Thanks for the help.


----------



## Briar (Mar 19, 2005)

Go to your local sporting goods dealer and look through several models and see which one you like . Then ask here at Woodys if anyone has gotten the one that you liked and see if they have had any problems with it . I was considering a Burris until I found out there had been a few problems with them . Yes Burris has a lifetime warranty but you still have to take it off the gun and send it back for repair . So I went with the Leupold .


----------



## Ga-Spur (Mar 19, 2005)

Take a look through the Swarovski's or Kahles scopes.


----------



## CheapSeats (Mar 21, 2005)

Thanks for the responses but I guess this is my real question: Is there a difference in overall quality between a $200 scope and a $400 scope and should I be looking for a  scope other than a 3x9x40 for the type of hunting I'll be doing with a 338 mag. I just want to arm myself with some info before I go to the local sporting goods store.

Thanks


----------



## GA_Longhorn (Mar 21, 2005)

Five-O said:
			
		

> Go to your local sporting goods dealer and look through several models and see which one you like . Then ask here at Woodys if anyone has gotten the one that you liked and see if they have had any problems with it . I was considering a Burris until I found out there had been a few problems with them . Yes Burris has a lifetime warranty but you still have to take it off the gun and send it back for repair . So I went with the Leupold .


Wouldn't you still have to take Leupold off and send it back for repairs?   

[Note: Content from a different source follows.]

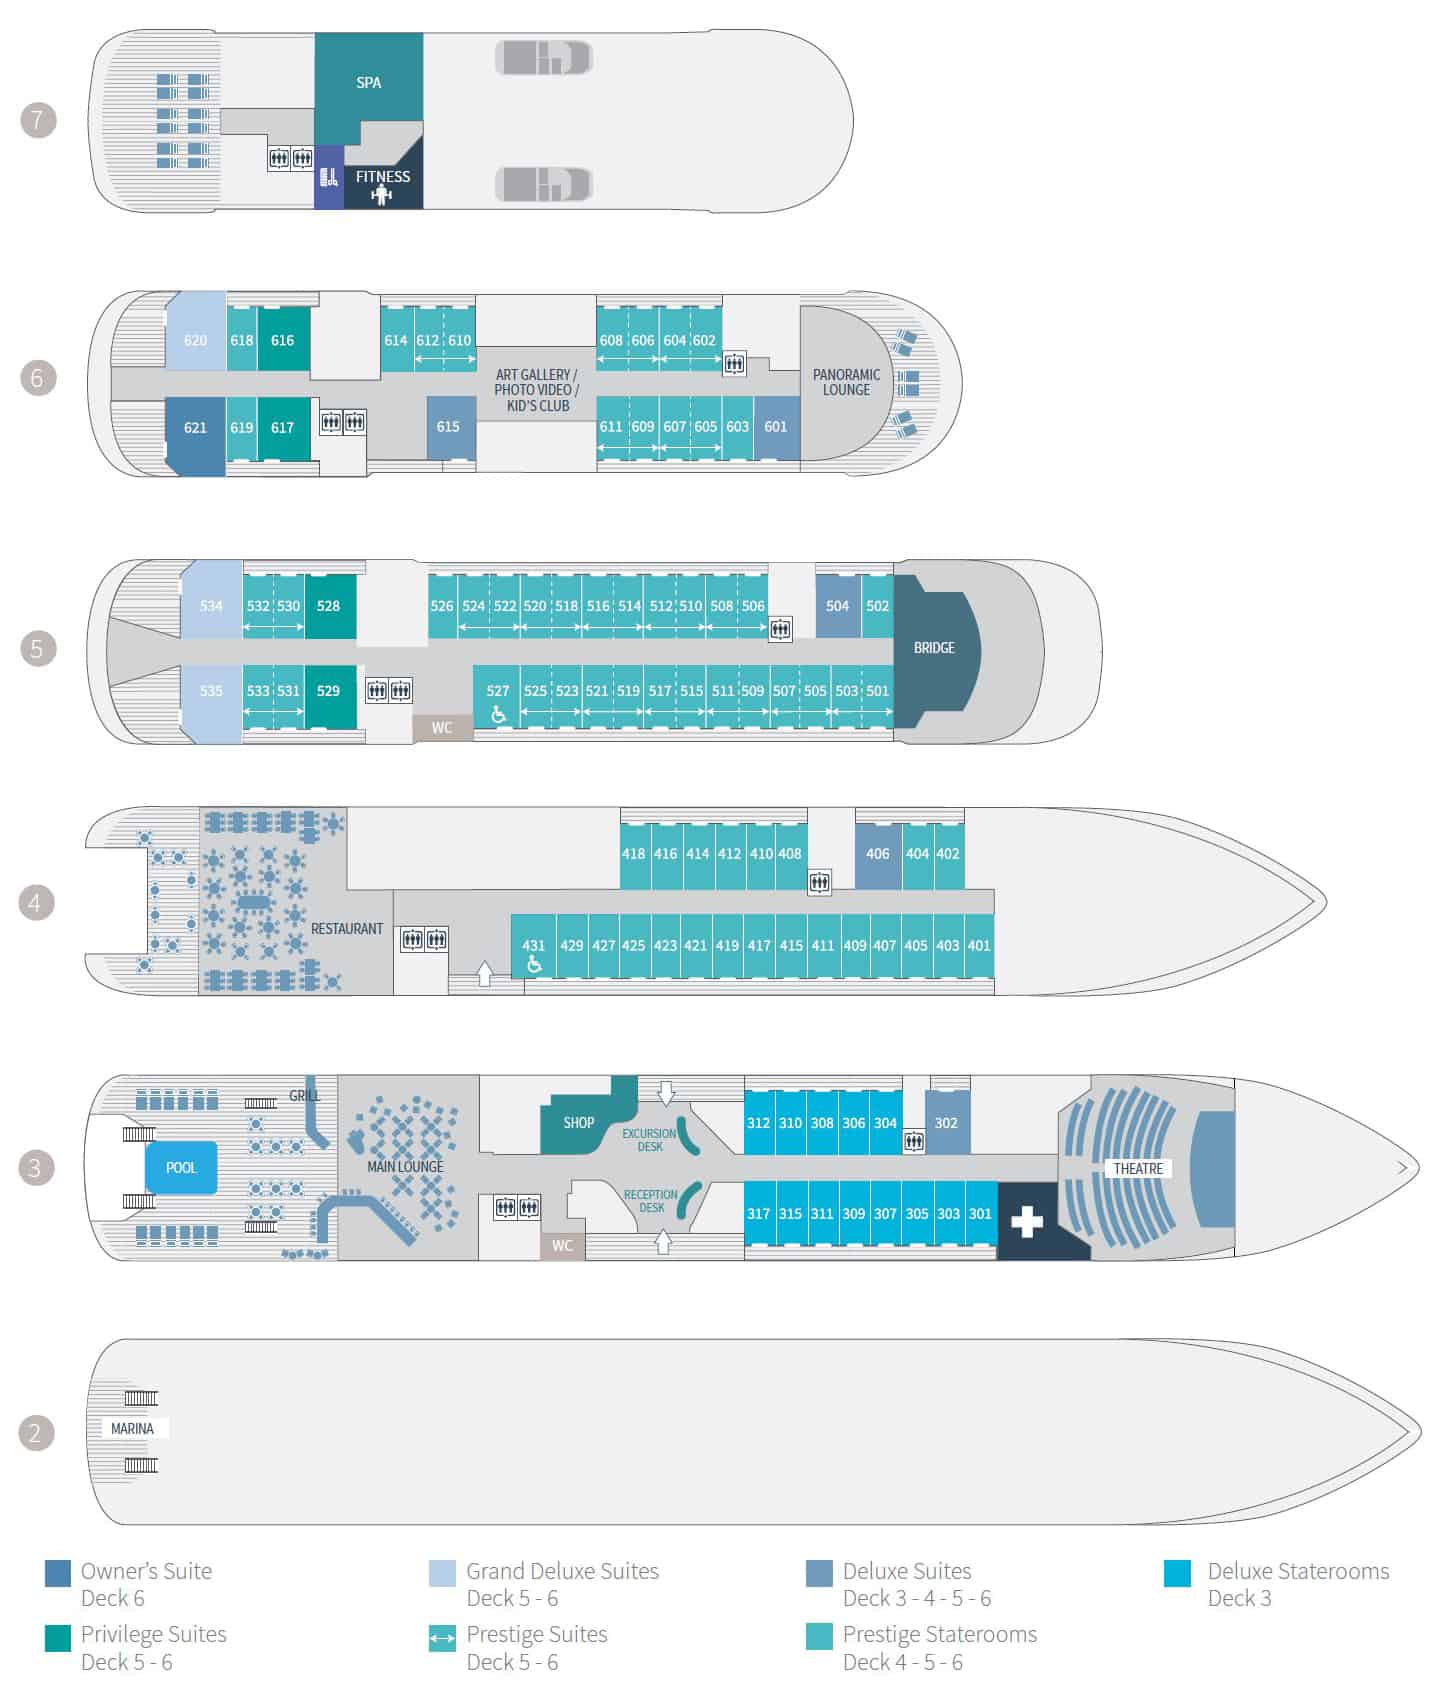 Deck plan of 184-guest Le Bougainville ship, showing 4 passenger decks with 88 staterooms & 4 suites.
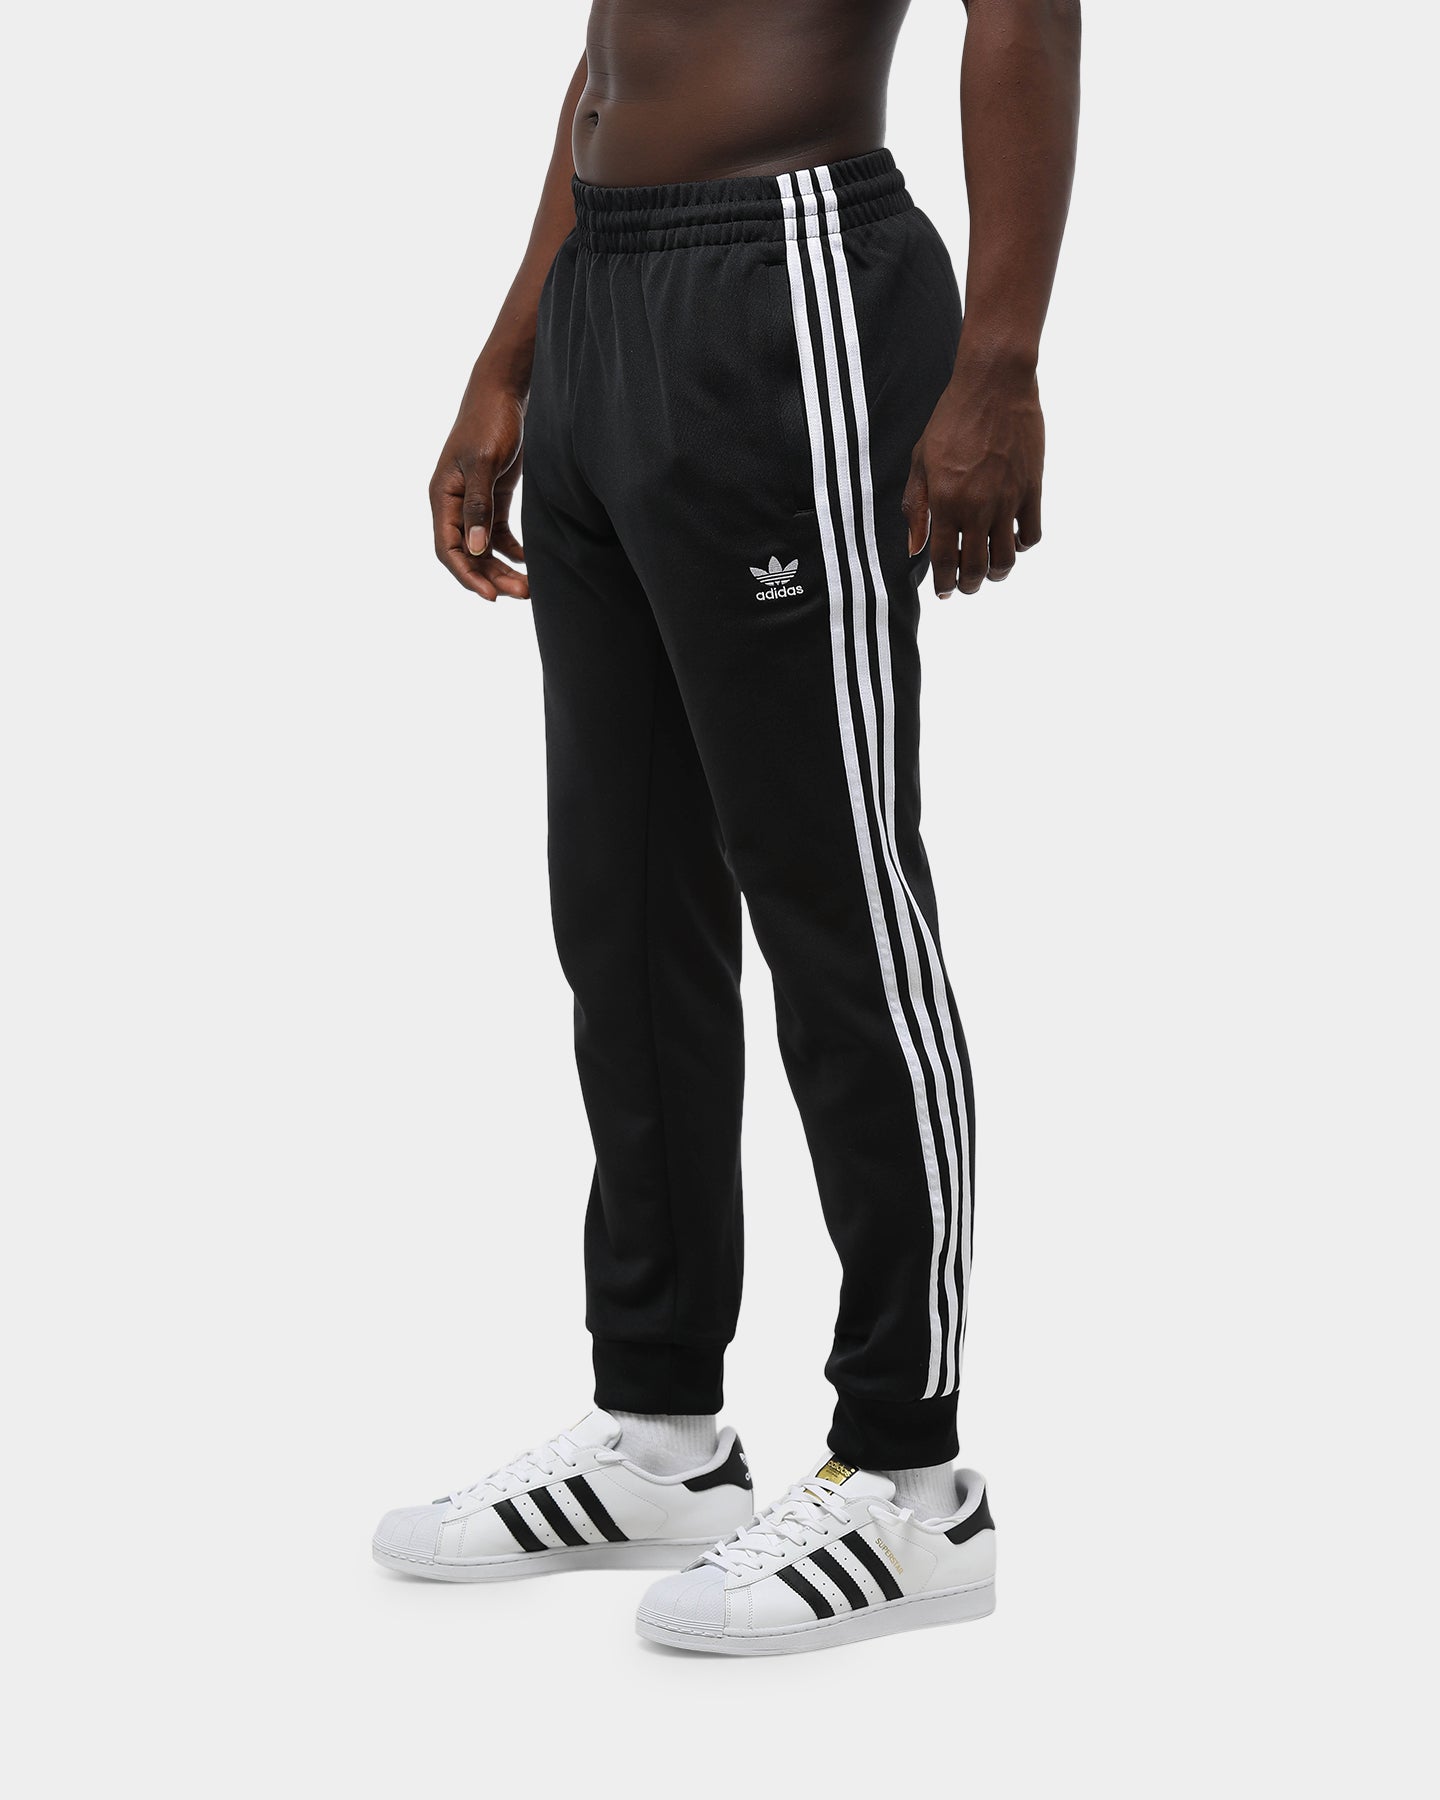 Adidas Originals SST Track Pant Black

I had a Leupold fog-up and I sent it back. They replaced it. In my opinion, there are some really fine scopes on the market for less than $500.


----------



## FootLongDawg (Mar 21, 2005)

CheapSeats said:
			
		

> I just purchased a new 338 Mag and I am looking for a new scope. I've always been told to spend as much on the scope as you do on the rifle( I didn't follow the advice the 1st time). I have a $200 Nikon on my 300WSM and it has been pretty reliable. I am wondering if I spent $400 this time will it be worth the extra investment?
> 
> Thanks for the help.



YES YES YES... Float like a butterfly, sting like a bee, your gun can't hit, what your scope can't see


----------



## QuakerBoy (Mar 21, 2005)

Yes  a 400 dollar nikon scope will be better than a 200 nikon scope.  Significantly better?  Personally I feel you will get a few extra minutes in the AM and PM but the scope youhave will likely gather enough light to shoot before and after shooting times already....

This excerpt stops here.